Starting at the line that contains "Ortho Molecular - Vitamin", transcribe every remaining line of the data below exactly, and omit all pictures.

- _Available data_
************

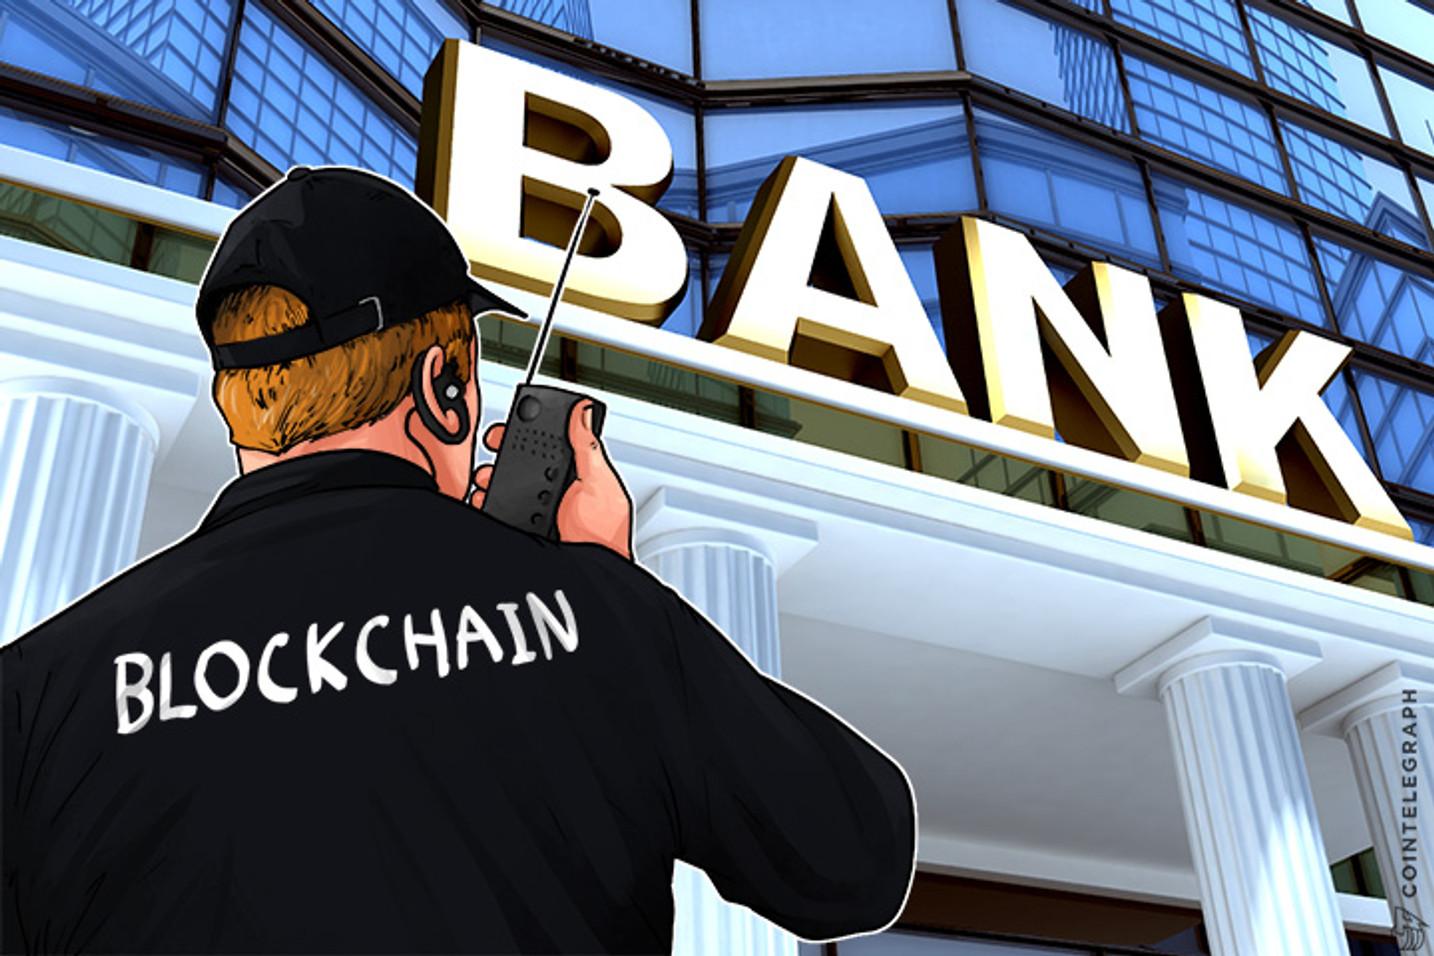 University of Pennsylvania: Blockchain's Biggest Challenge is Security
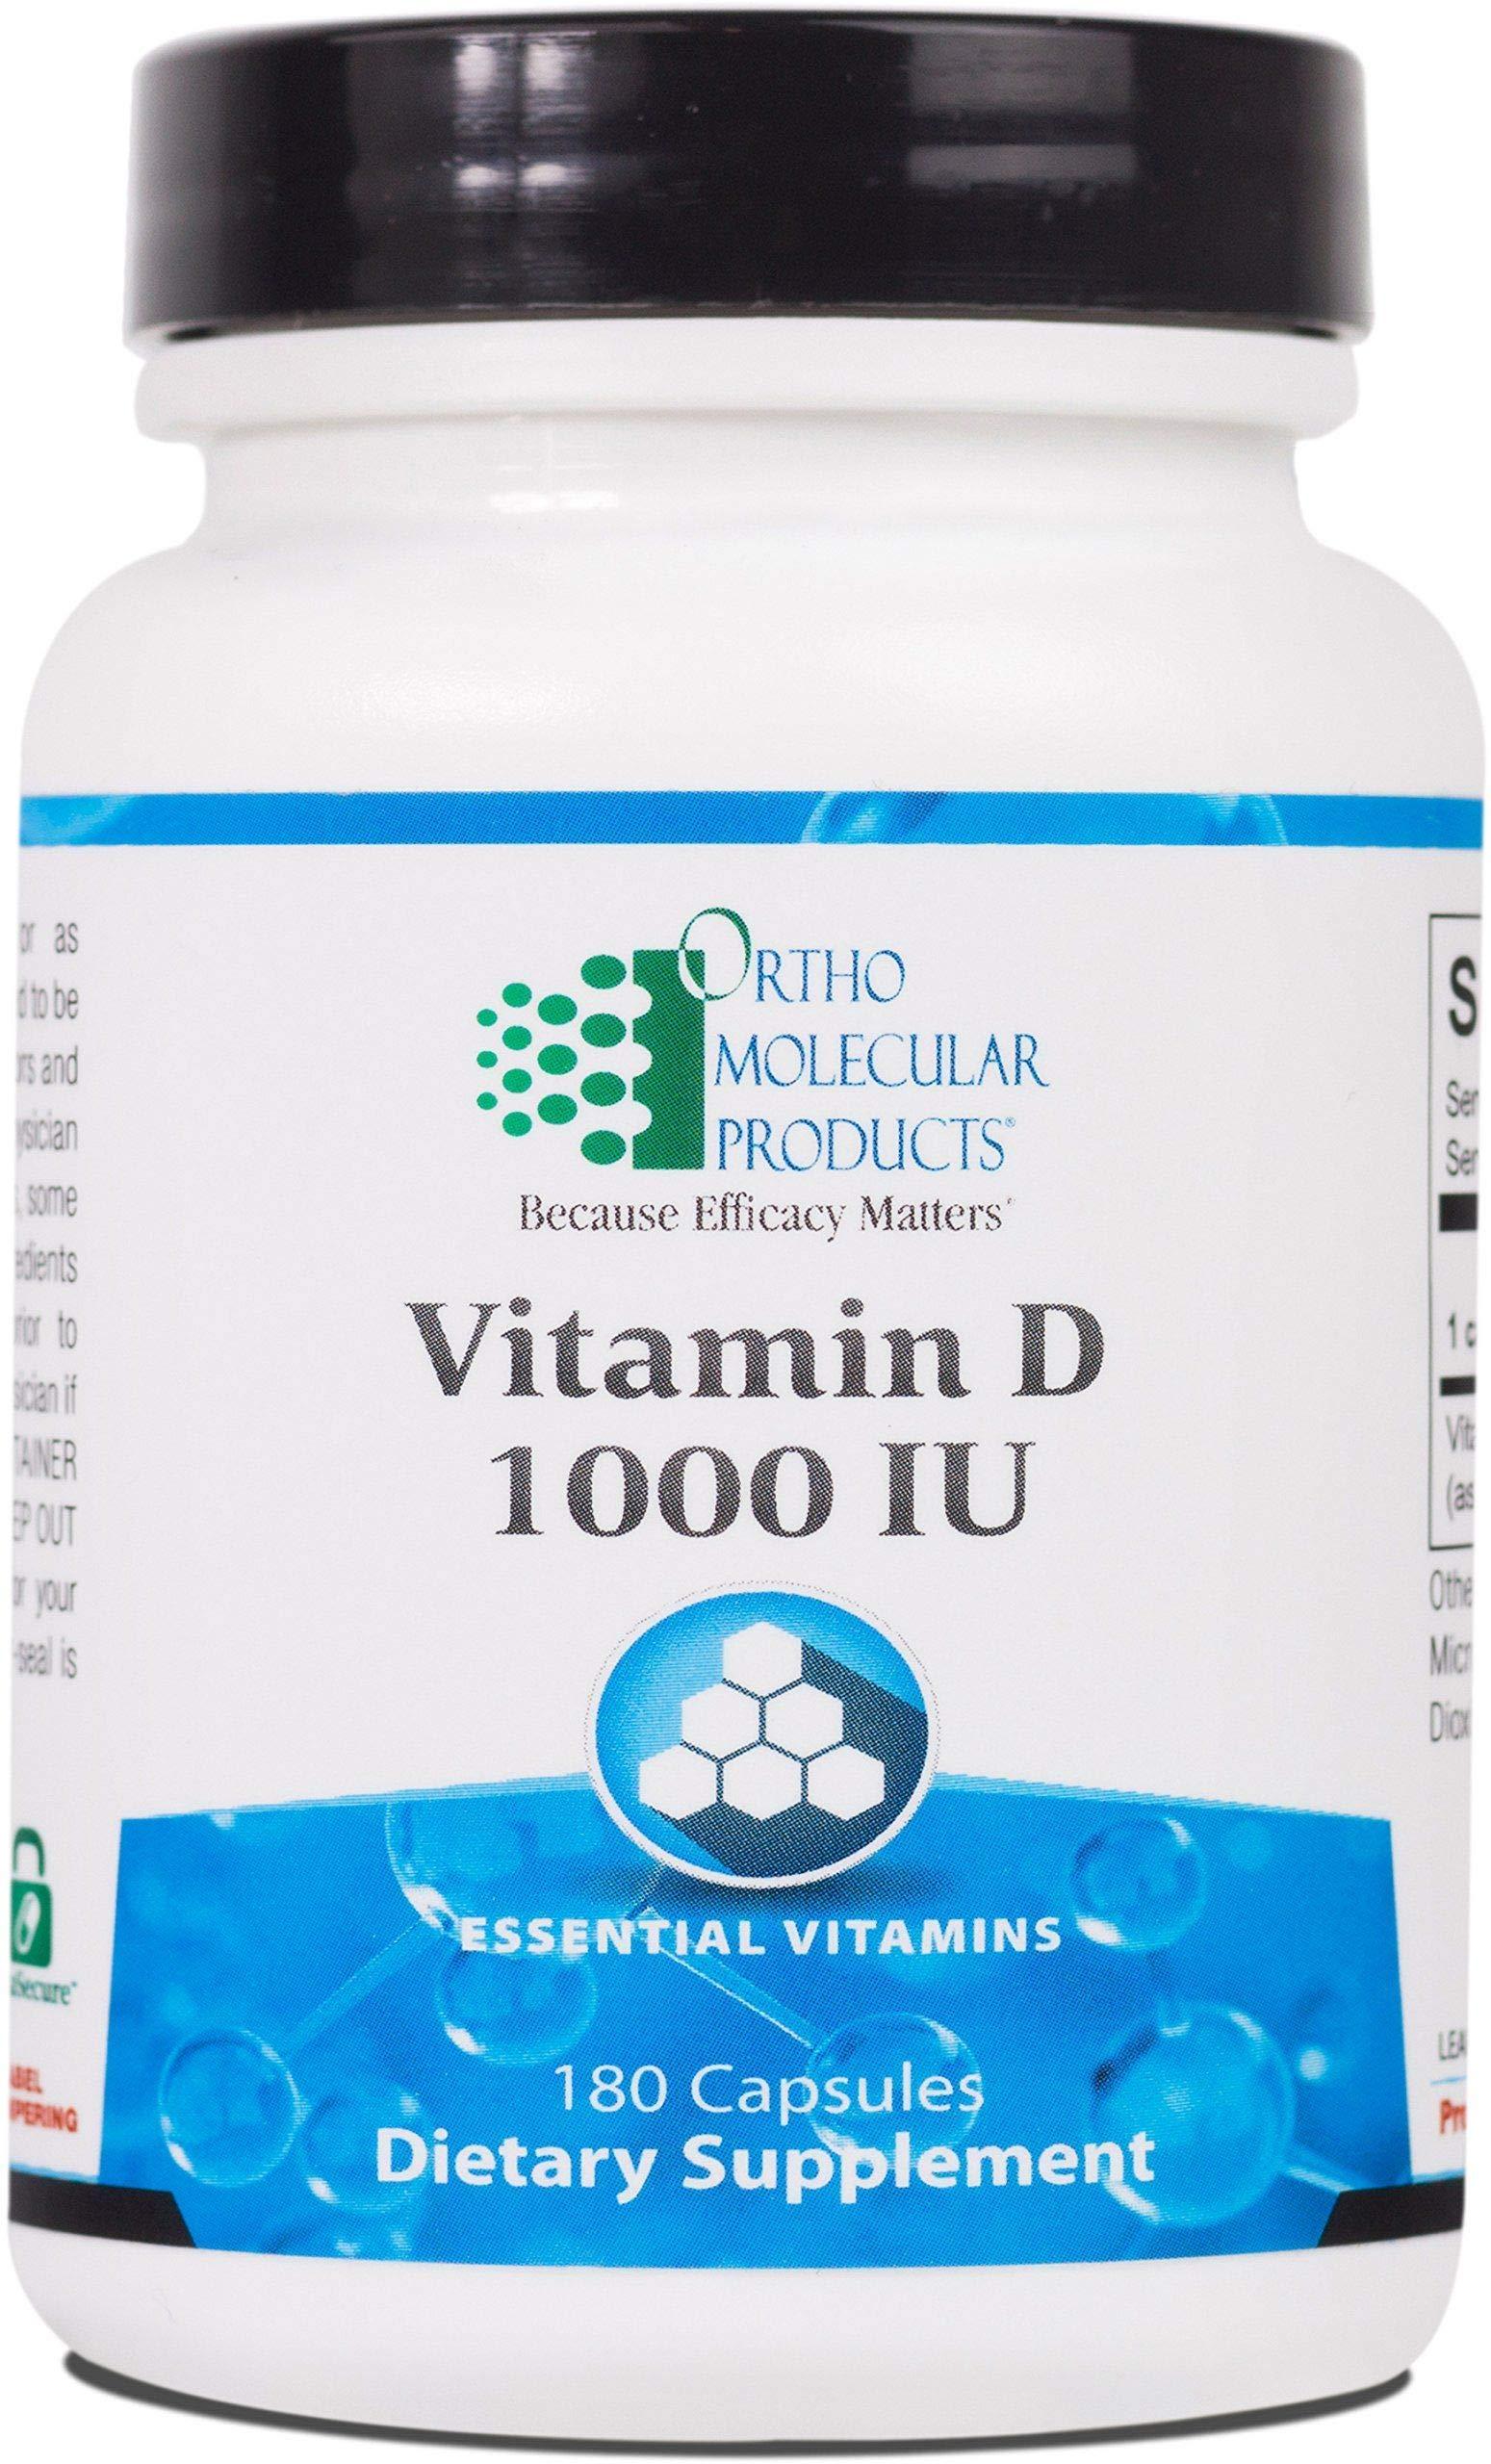 Ortho Molecular - Vitamin D 1,000 IU - 180 Capsules by Ortho Molecular
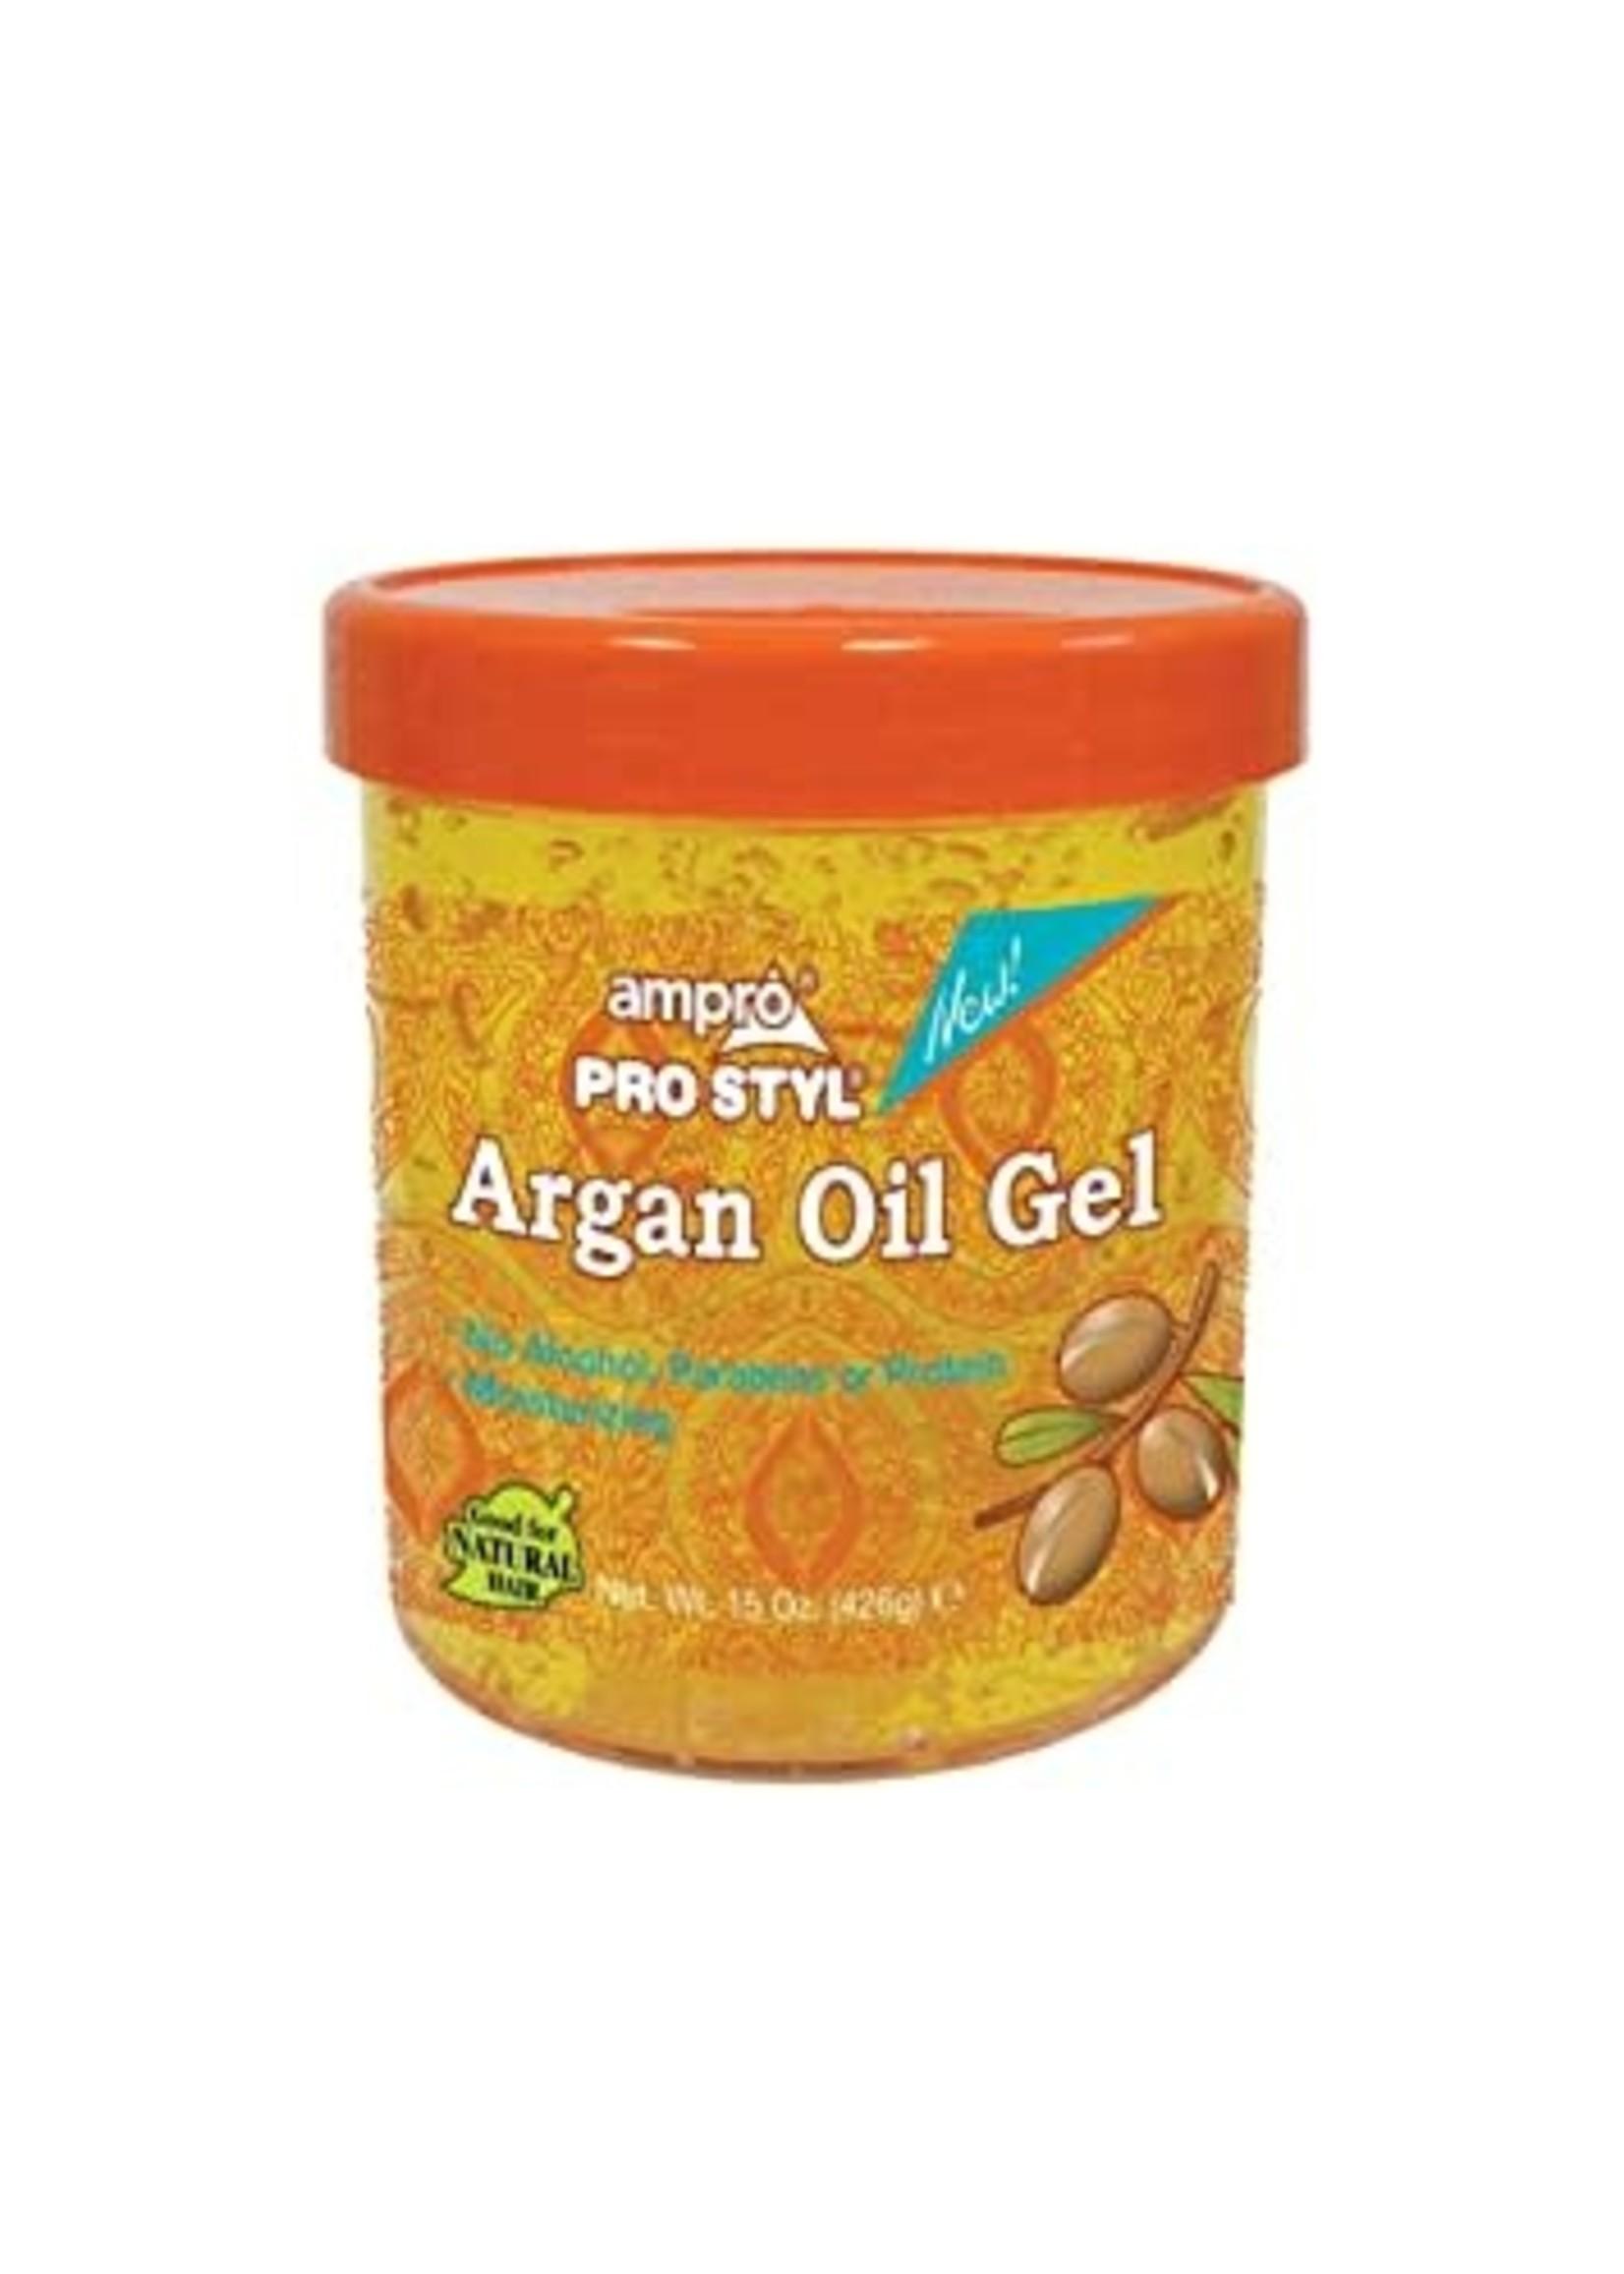 Ampro Argan Oil Gel 15oz

************

- _Completed task_
 Ortho Molecular - Vitamin D 1,000 IU - 180 Capsules by Ortho Molecular
 Ampro Argan Oil Gel 15oz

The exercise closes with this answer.